Wenn man nun aber hofft, dass das irgendwann aufhört und die Erde in diesen Regionen zur Ruhe kommt, muss man in plattentektonischen Zeiträumen denken. "Ein Ende des Ozeans und seines Feuerrings könnte erst in mehreren hundert Millionen Jahren stattfinden", erklärt Sascha Brune, "falls Nord- und Südamerika ihre Reise nach Westen weiterführen, die vor 200 Millionen Jahren mit dem Zerbrechen des 'Urkontinents' Pangäa begonnen hat."
Übrigens war der Pazifische Feuerring, der heute im Süden sehr offen ist und daher eher die Form eines krummen Hufeisens hat, tatsächlich mal etwas mehr ringförmig geschlossen. "Bis vor etwa 90 Millionen Jahren", sagt GFZ-Forscher Brune, "gab es auch eine Subduktionszone (und damit Erdbeben und Vulkane) im südlichen Teil des Ozeans, in Richtung der Antarktis, die aber später ihre Aktivität eingestellt hat."
Erdbeben in unserer Nähe
Mitteldeutschland ist weit entfernt von den Subduktionszonen des Pazifischen Feuerrings.
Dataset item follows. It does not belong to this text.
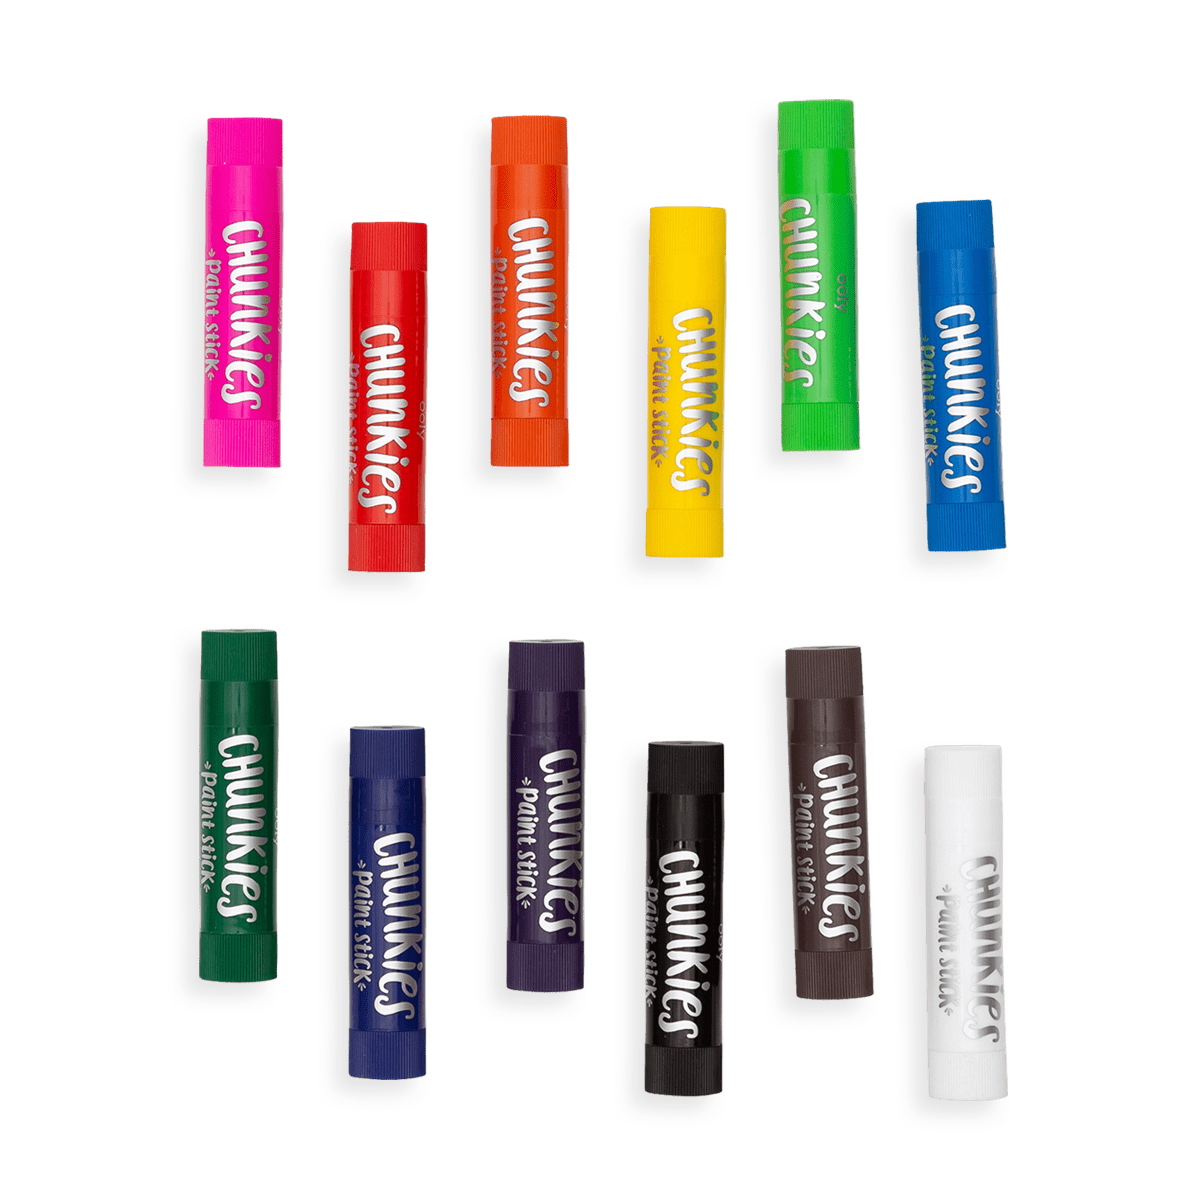 Chunkies Paint Sticks Variety Pack - Karma Kiss

Vulkanausbrüche und verheerende Beben mit Magnitude 7 oder mehr sind hierzulande nicht zu erwarten. Dennoch bebt auch hier immer mal wieder die Erde, aus ganz verschiedenen Gründen.
Da gibt es einerseits die bekannten Schwarmbeben im Vogtland, bei denen aber nicht die Plattentektonik die unmittelbare Ursache ist und die außerdem die Besonderheit haben, dass das erste Beben einer Serie meist nicht das stärkste ist. "Sie werden durch das Zusammenwirken von aufsteigenden Fluiden aus der Erdkruste und aus dem oberen Erdmantel in Kombination mit vorhandenen geologischen Schwächezonen verursacht", erklärt Torsten Dahm, Leiter der Sektion "Erdbeben- und Vulkanphysik" am GFZ und Uni-Professor in Potsdam. Die seismischen Netze im Vogtland und Nordwestböhmen wurden länderübergreifend kontinuierlich verbessert, sagt Dahm, "und auch das GFZ betreibt dort heute hochmoderne seismische Stationen."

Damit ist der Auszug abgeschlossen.